= What to produce =
Without the images, repeat every line of the listing verbatim.

= Available data =
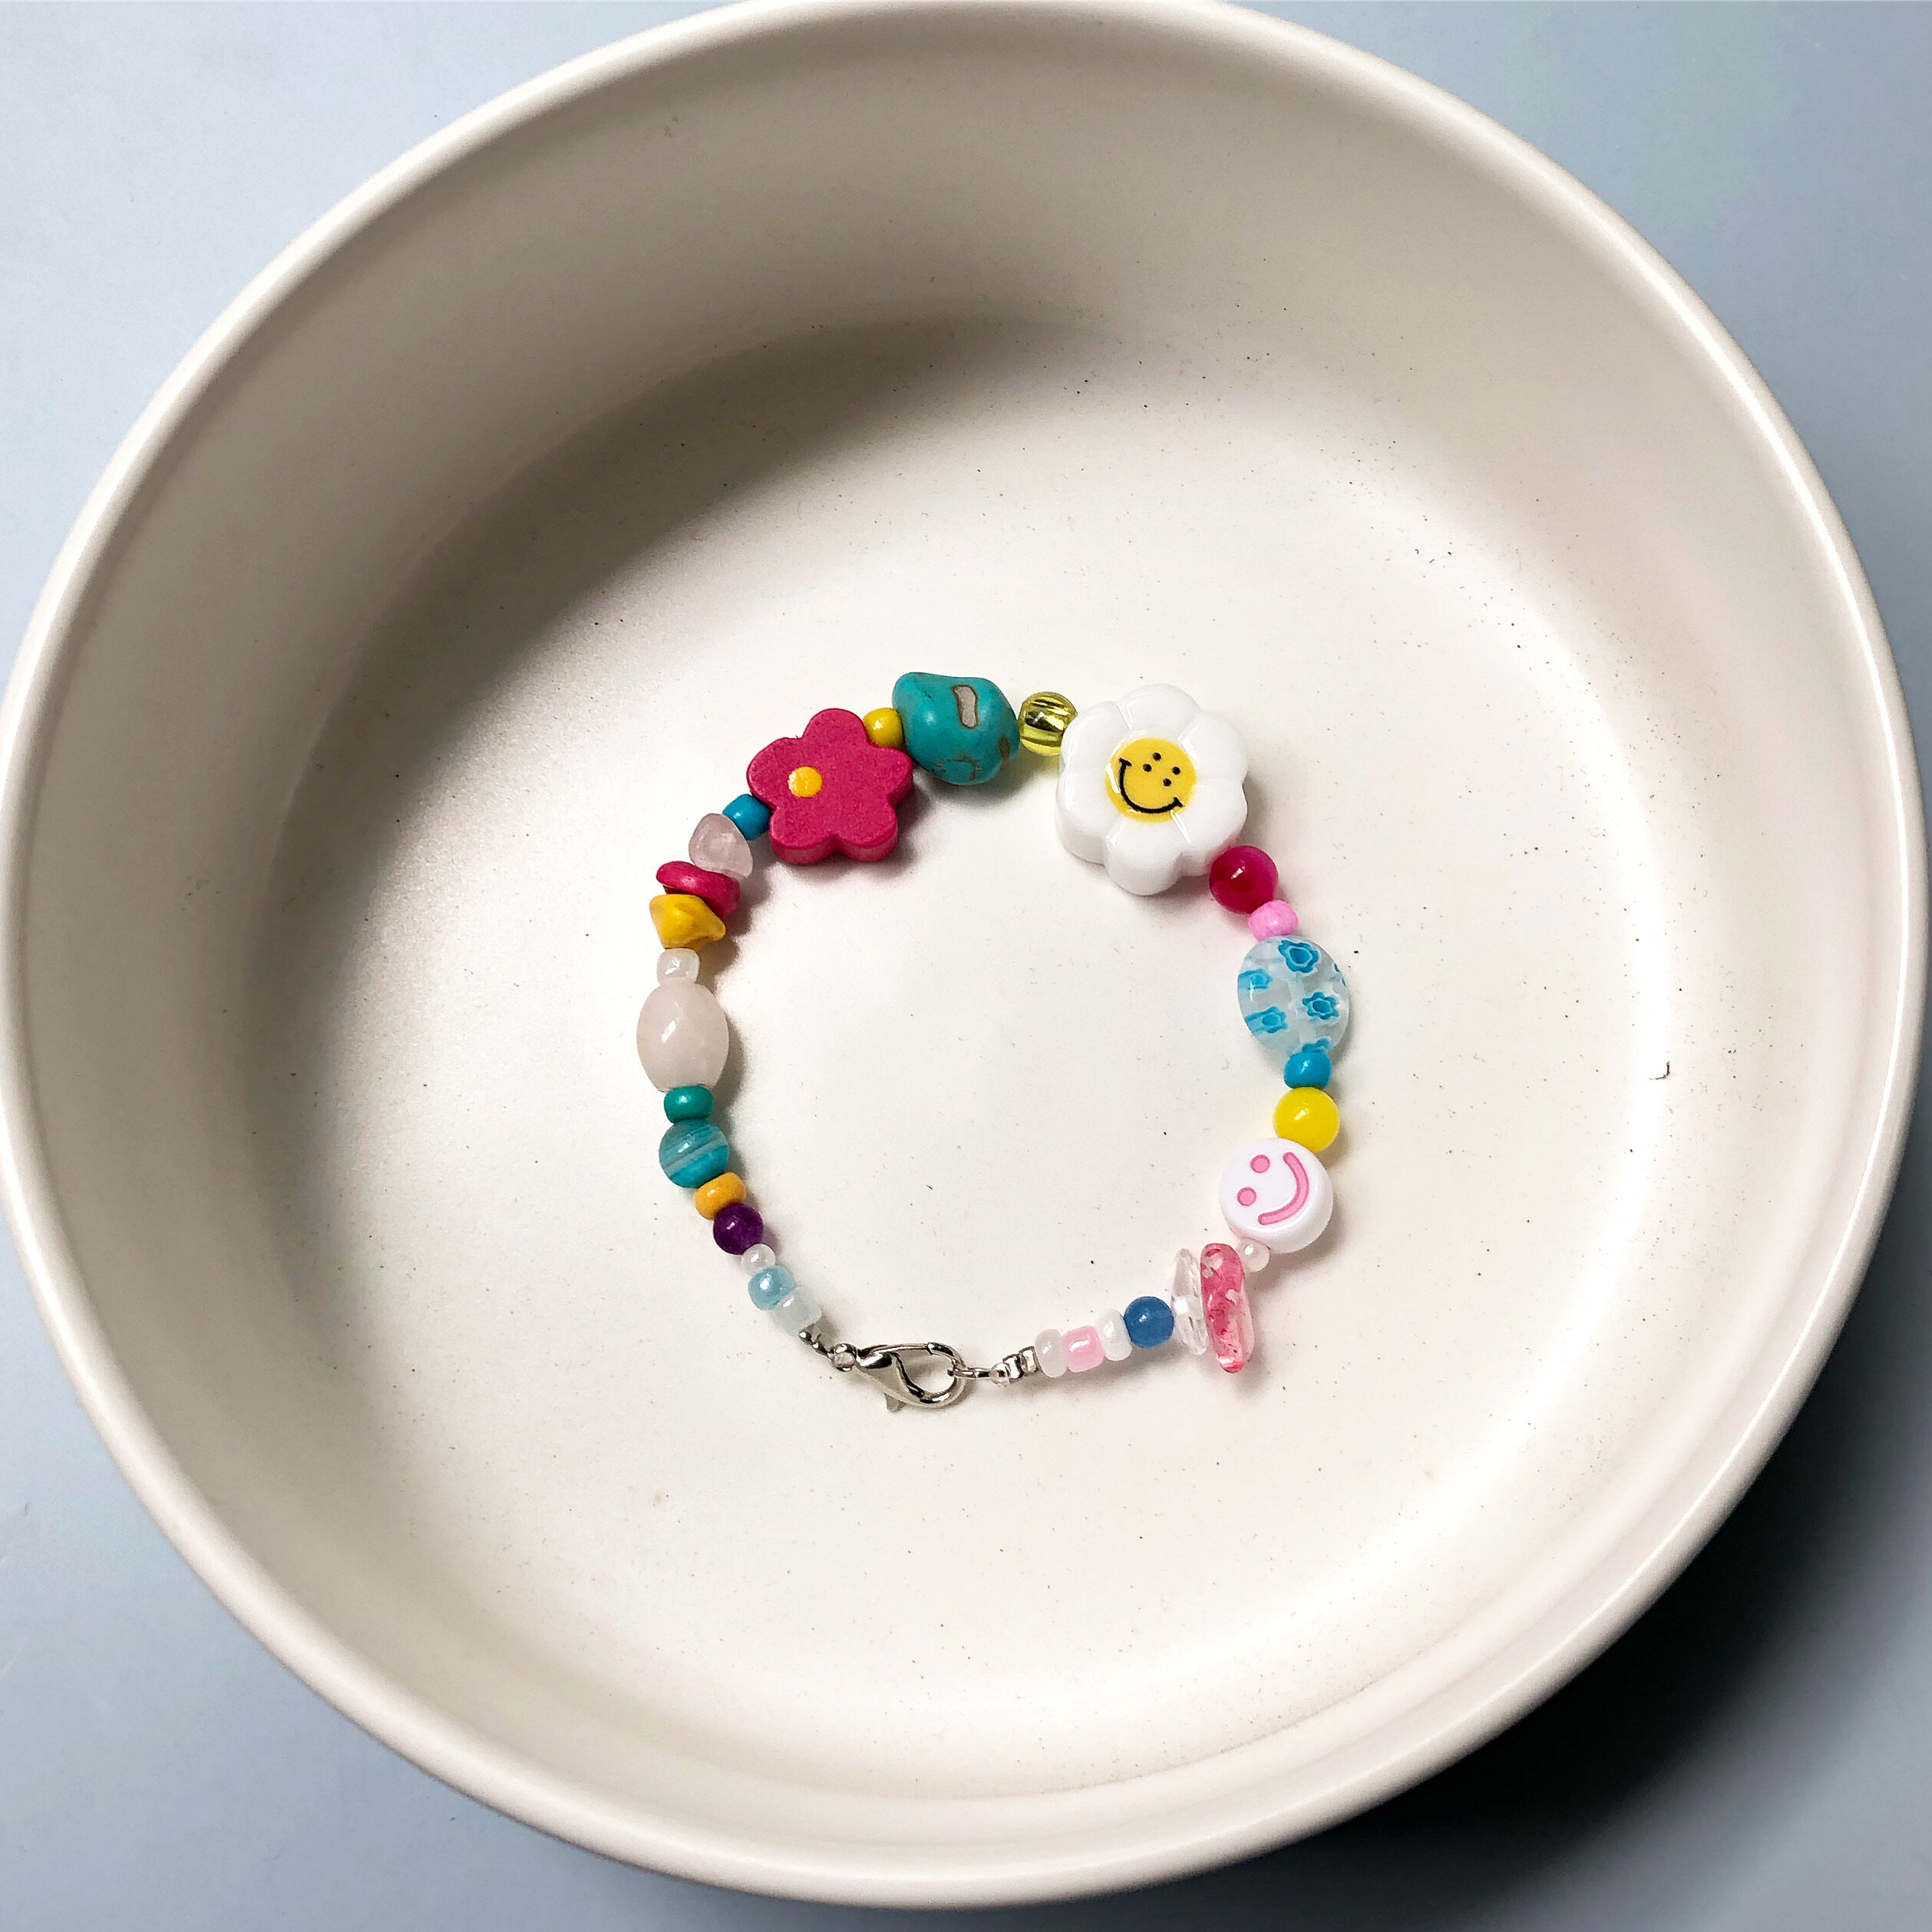 LETSGETAWAY - Bracelet (Preorder 10 days) / สร้อยข้อมือ หินธรรมชาติ รุ่น Funky Candy  (สินค้าจัดส่งหลังสั่งซื้อ 10 วันทำการ)
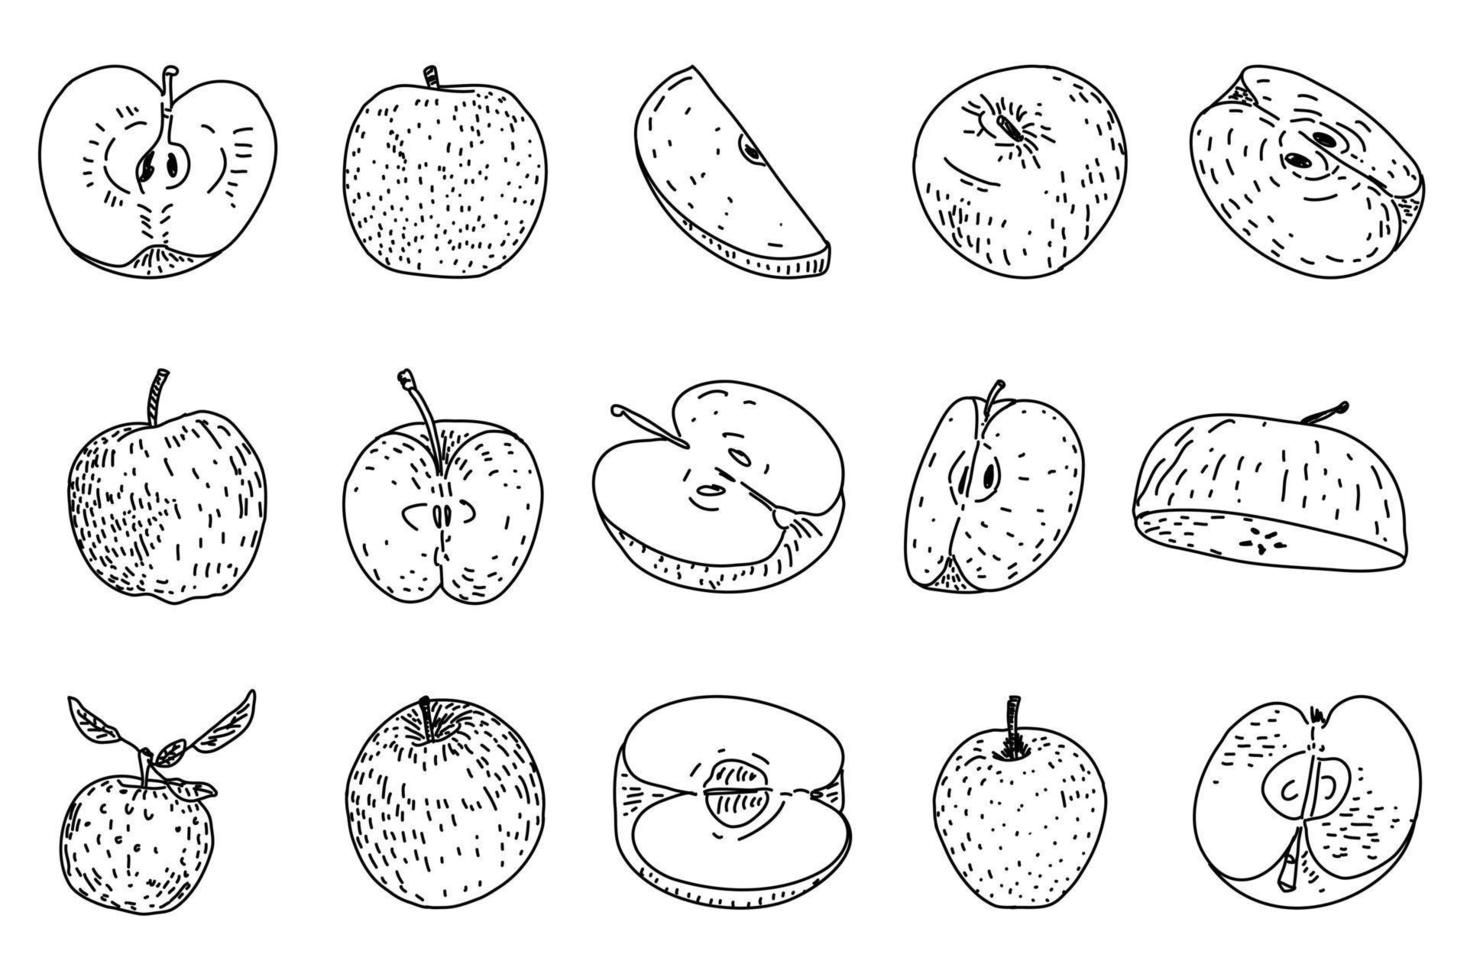 illustrazioni vettoriali disegnate a mano di mela.
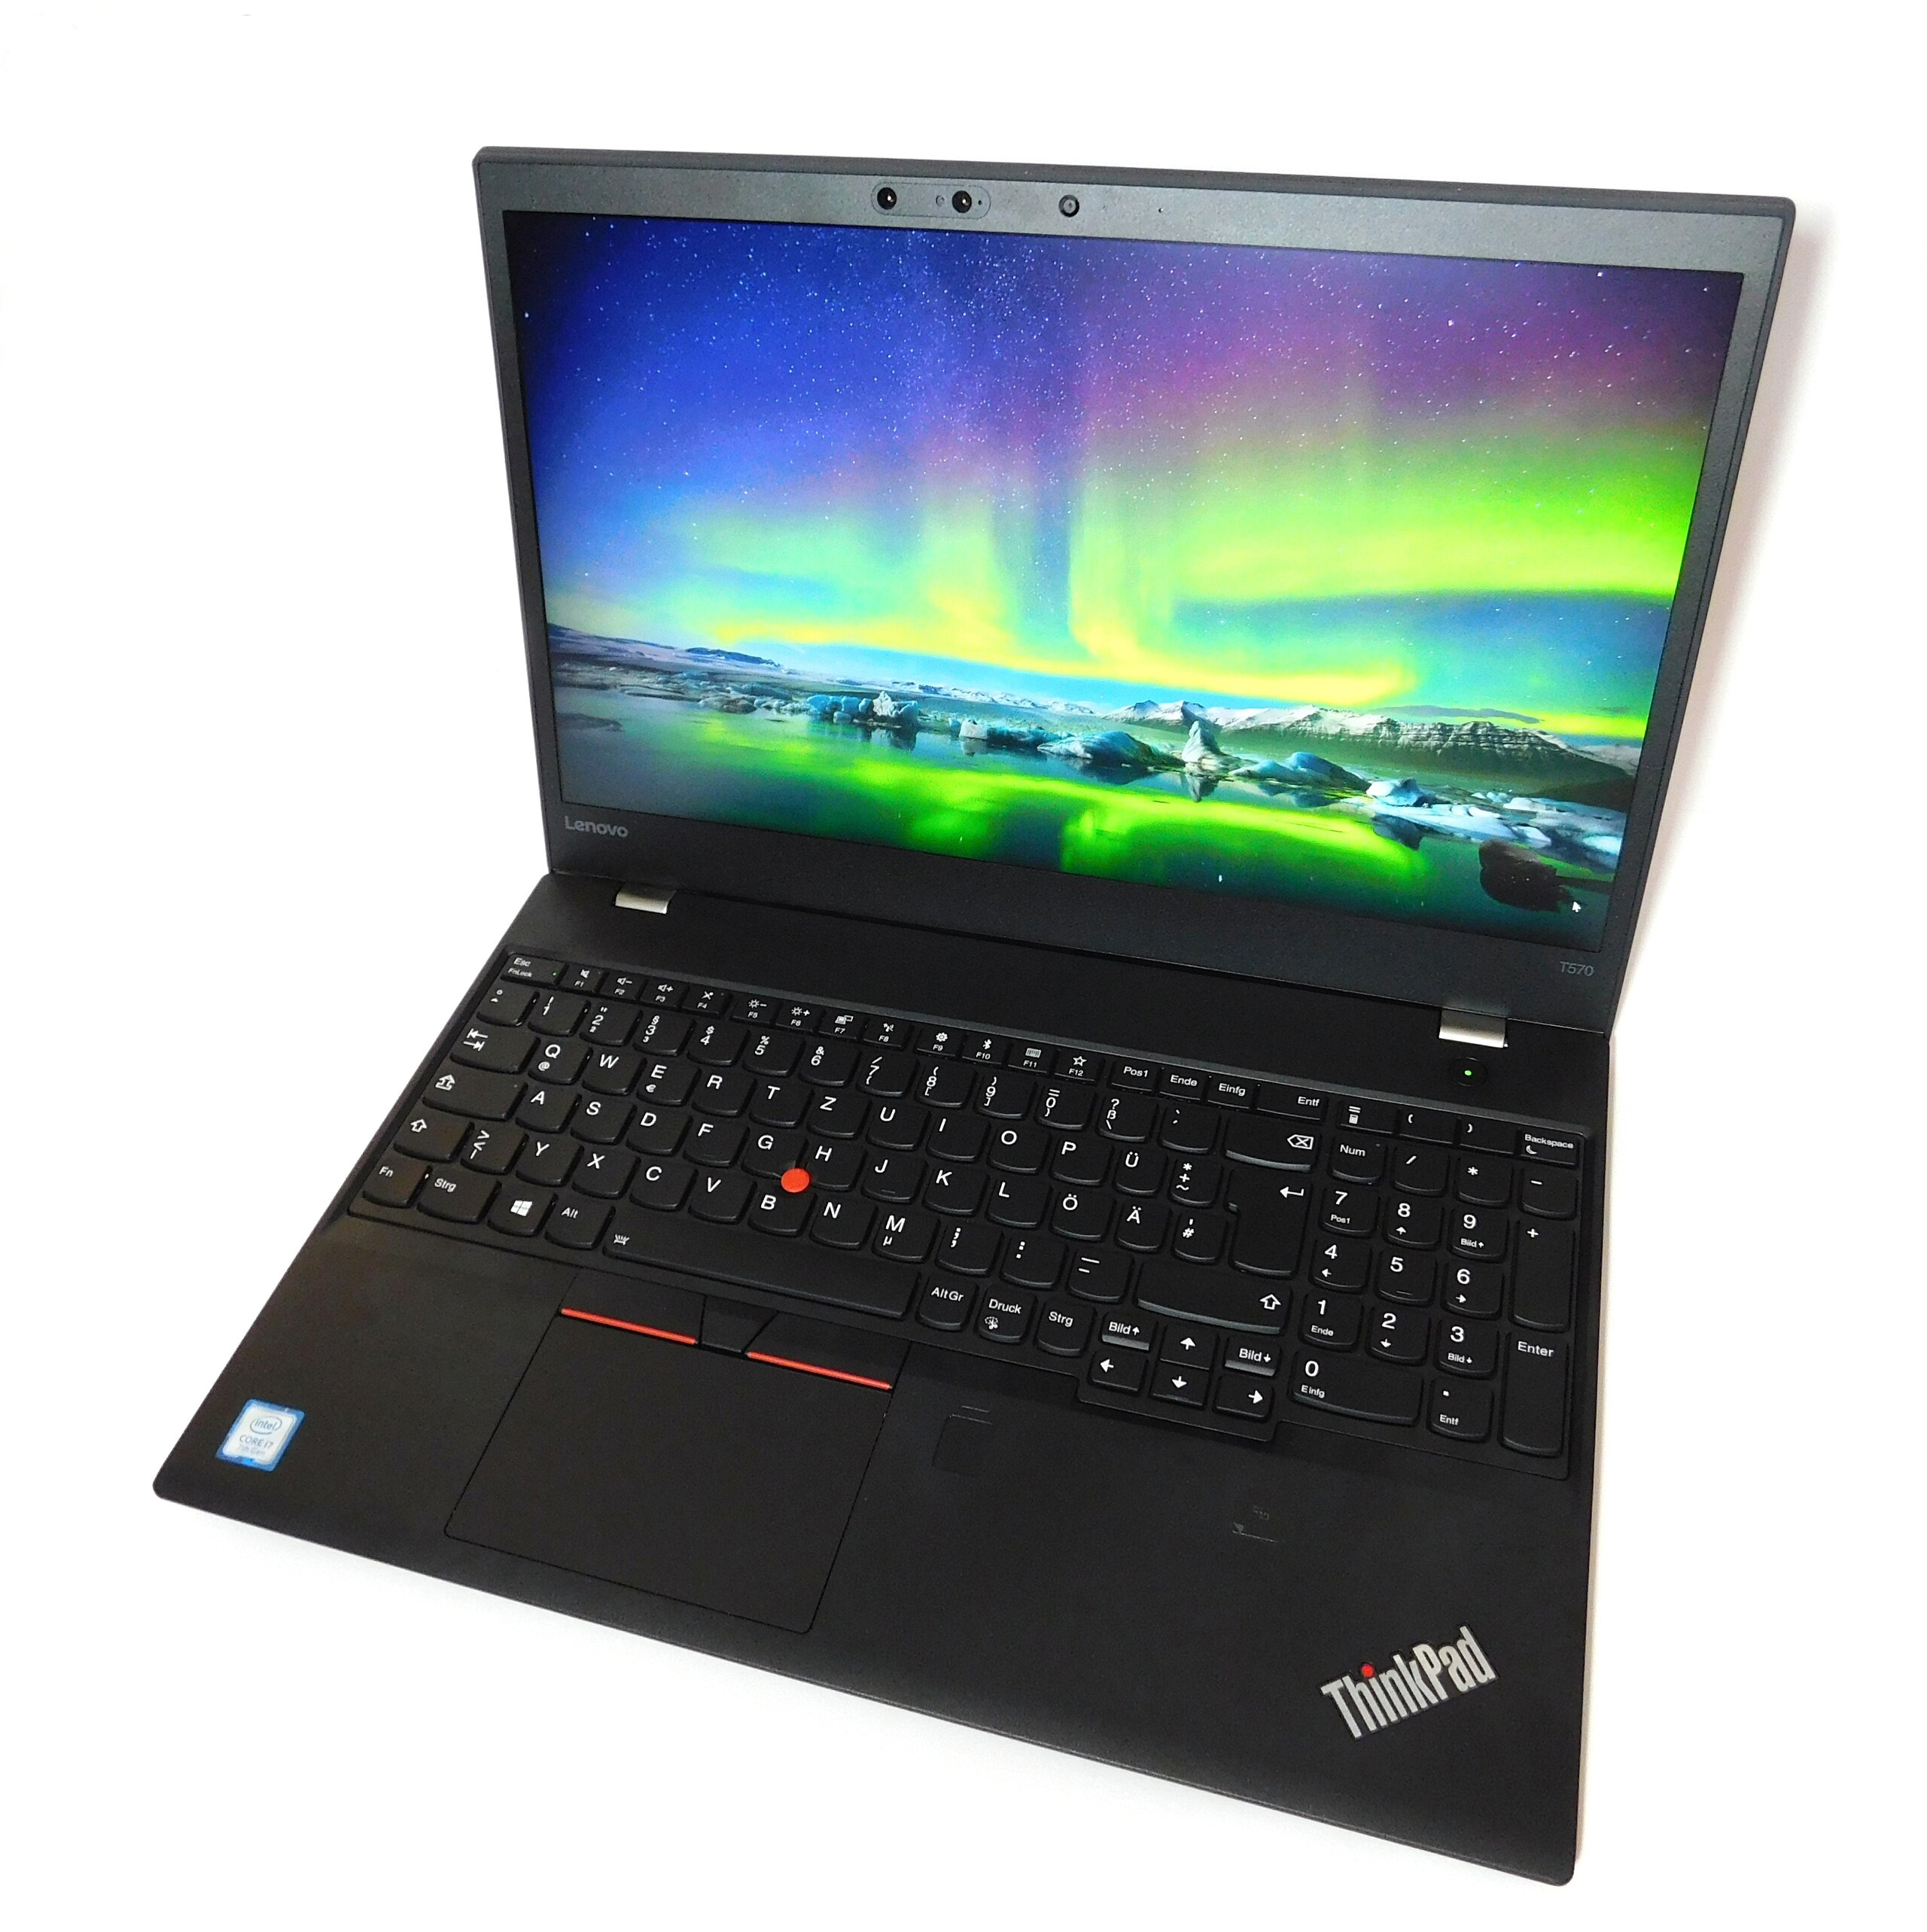 Laptop Second Hand Lenovo Thinkpad T570, Intel Core i5-7200U 2.50GHz, 8GB DDR4, 256GB SSD, 15.6 Inch Full HD, Webcam

= Answer space =
 LETSGETAWAY - Bracelet (Preorder 10 days) / สร้อยข้อมือ หินธรรมชาติ รุ่น Funky Candy  (สินค้าจัดส่งหลังสั่งซื้อ 10 วันทำการ)
 illustrazioni vettoriali disegnate a mano di mela.
 Laptop Second Hand Lenovo Thinkpad T570, Intel Core i5-7200U 2.50GHz, 8GB DDR4, 256GB SSD, 15.6 Inch Full HD, Webcam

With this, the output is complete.